Writing LINQ providers easily and elegantly (LinqExtender 3.0)

When writing a custom LINQ provider, developer must focus into plenty of issues other than the main purpose of just creating a LINQ to something. Like how to deal with projection, how to parse valued expressions, how to parse members, how to do orderby and the list goes on.

This is the reason I came up with LinqExtender, it deals with all such issues. But over the time I found out that the idea of providing a fluent interface to lookup your query information is easy at some point but becomes really cluttered as the provider logic goes bigger and thus it greatly violates SRP (Single responsibility pattern).
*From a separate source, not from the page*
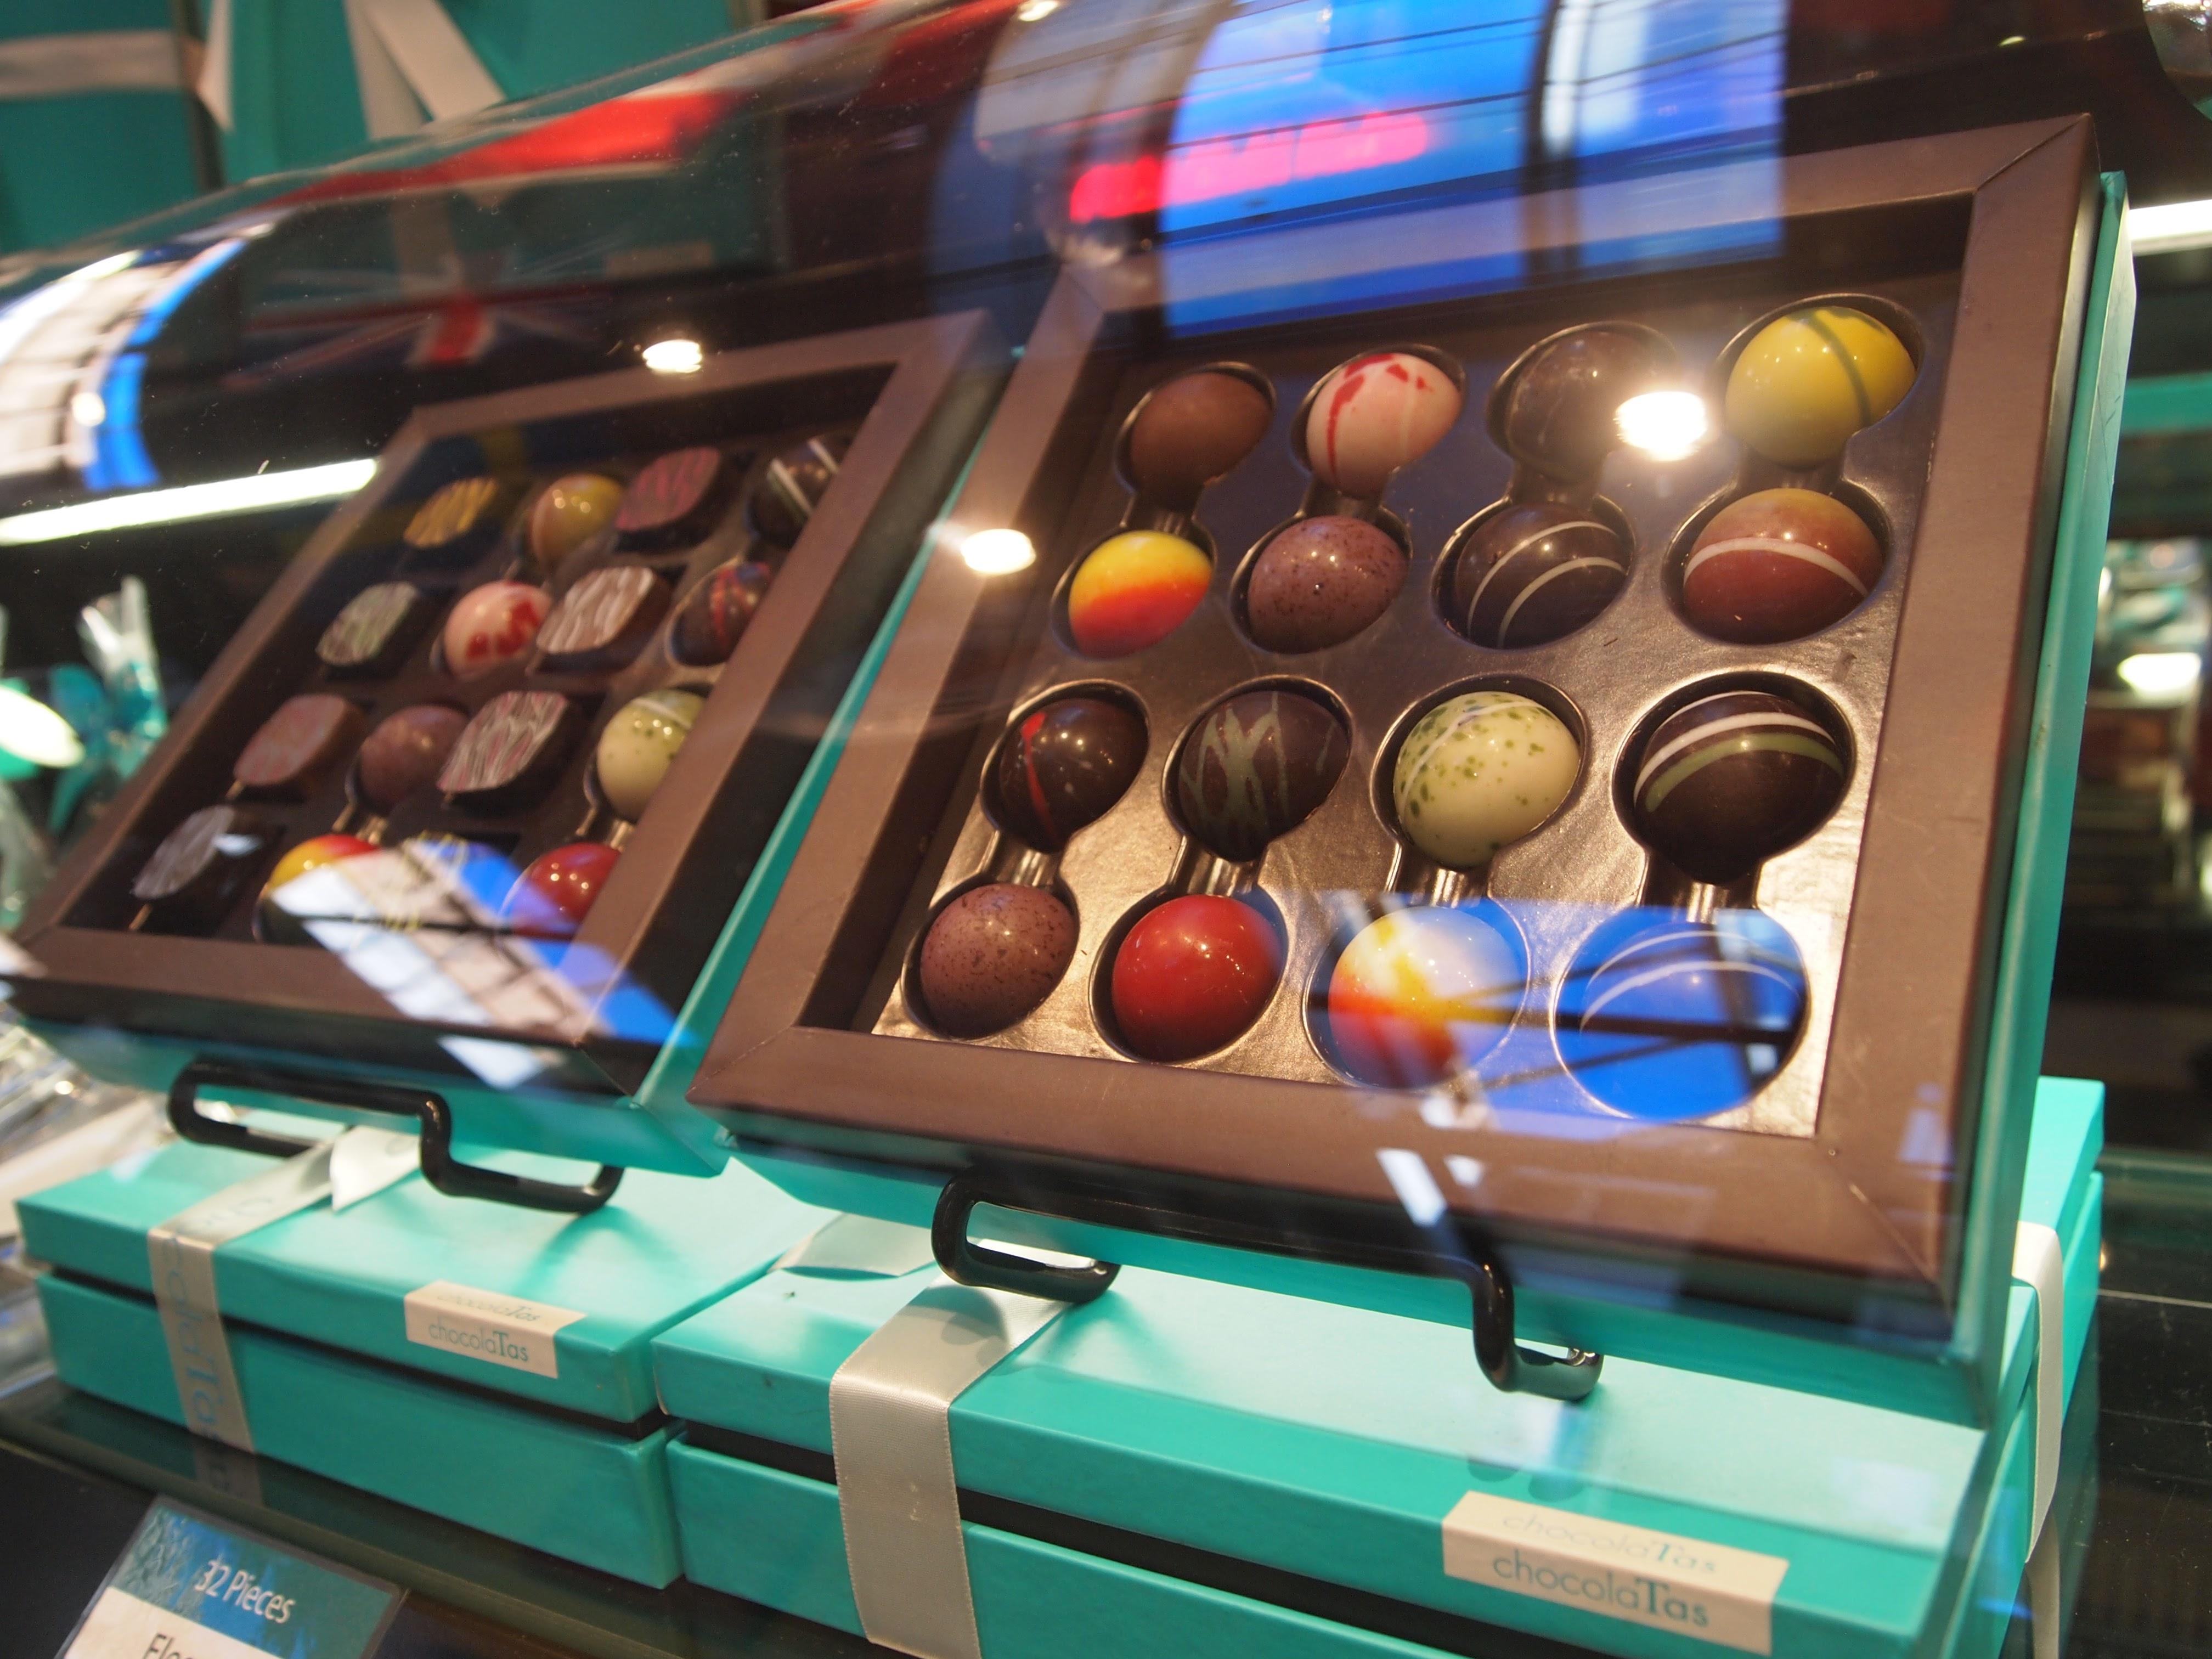 Chocolates too beautiful to eat from ChocolaTas

Over all, it inherits a base class that makes even impossible to include my own base. With all these in mind I came to push a new release that cuts all this issues.

Therefore, first rather having an iterative fluent interface, it is build on simplified AST (Abstract syntax tree) over the original System.Linq.Expressions with an intent more on making of custom LINQ providers easy, contextual, elegant and of course free of noises like how to deal with projection, what to be done if user invokes a method on the IQueryable, etc.

Moreover, as I don’t want to implement a base class, therefore just an interface should be sufficient enough to make the class queryable.

public interface IQueryContext<T>
{
  IEnumerable<T> Execute(Ast.Expression expression);  
}

Now, if we consider the following LINQ query:

var query = from book in context
    where (book.Id > 1) && (book.Author == "Scott" || book.Author == "Charlie")
    Select book

Things that come to mind on the first place are:

    1. How do translate the logical groupings
    2. How to deal with different opeartors
    3. How to get the value that is compared for a member

Or if the where clause has expression like:  book.Author == GetCurrentUsername(), we need to do some specific arts to invoke and reflect the value out of it. Will it not be nice, if the value is already there for us as intended. LinqExtender was/is focused to do all that for you.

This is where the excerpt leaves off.